A trailing comma after the last object property or array item is valid in some JavaScript contexts, but it is not valid JSON.
JSON strings and object keys must use double quotes. Single-quoted values are common in JavaScript snippets, Python-like output, and LLM responses.
This validator runs a strict parse against RFC 8259. It reports the exact line and column of the first syntax error, highlights the offending character in the editor, and shows a formatted preview when the input is valid. No data leaves your browser.

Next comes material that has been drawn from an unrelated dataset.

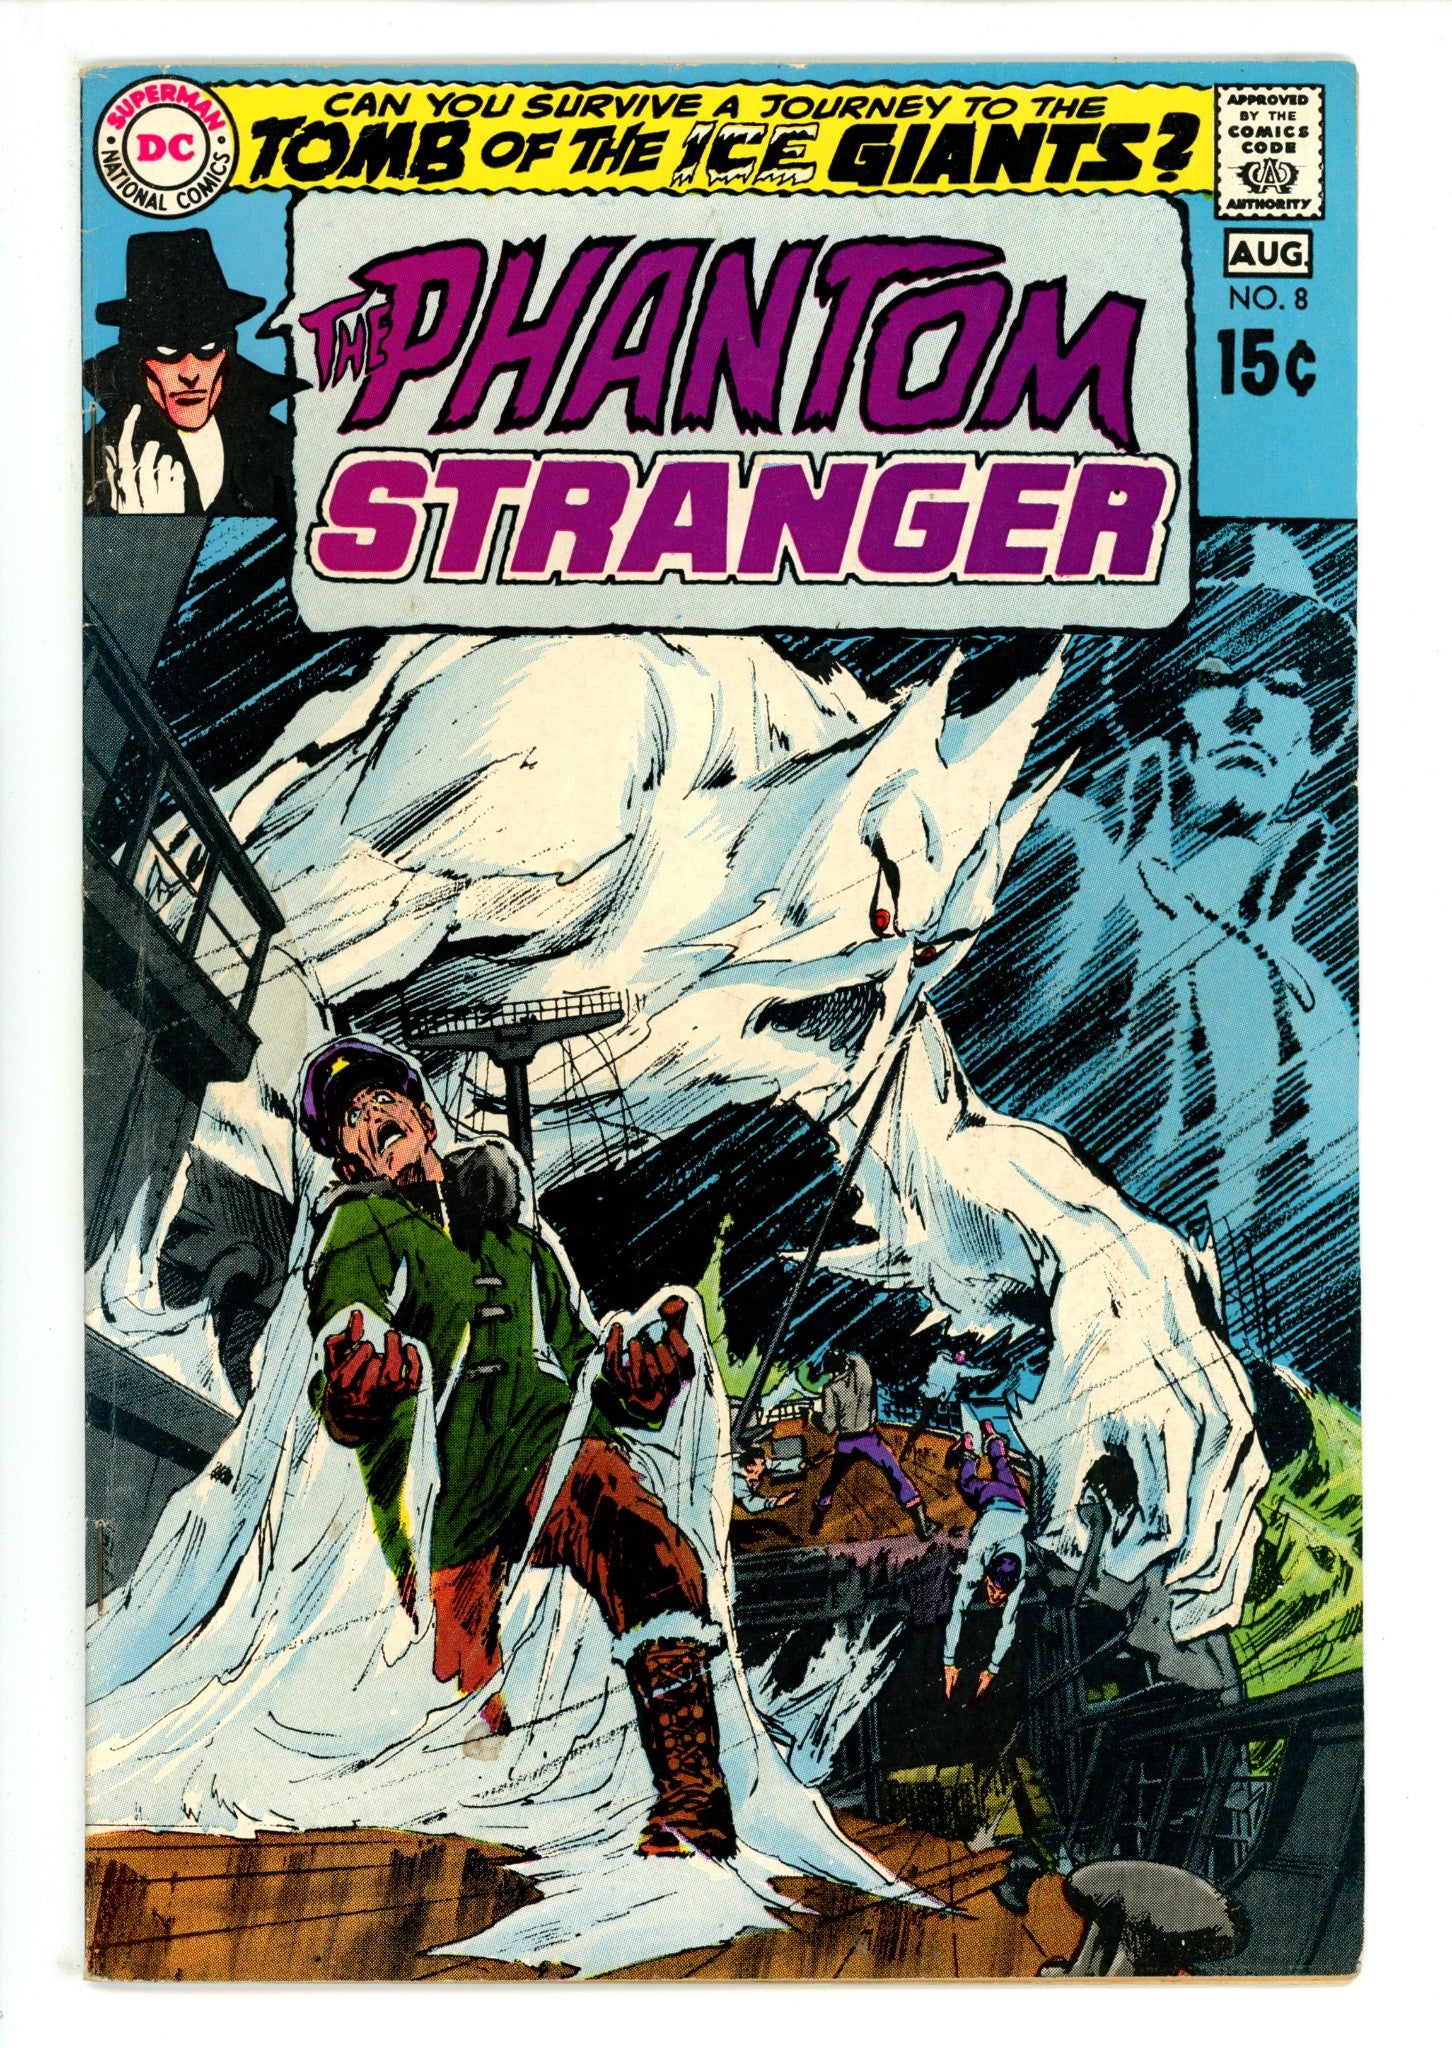 The Phantom Stranger Vol 2 8 VG/FN (5.0) (1970)

The same workflow goes by many names — jsonlint, json lint, json linter, json checker, check json online, validate json online, validation json online, validate online json, online json parser, json parser online, json verify / json verification, json validator online, or json object validator. They all describe the same operation: feed in a string, confirm it parses as JSON, and pinpoint the first failure when it does not — useful when you need to parse json object online or convert string to json safely before using it elsewhere. In Python the equivalent is json.loads (also written json loads, or python parse json); in JavaScript, JSON.parse (sometimes searched as jsonobject.parse) — both throw on the same syntax errors this tool reports.
// line and /* block */ comments are not valid JSONTrue, False, None must be true, false, nullIf your JSON fails validation, use the JSON Fix tool to auto-repair common mistakes before re-validating.
Parsing turns the JSON text into a usable value; validating just confirms it could be parsed. A successful JSON.parseis the validation — you discard the result when you only care about validity.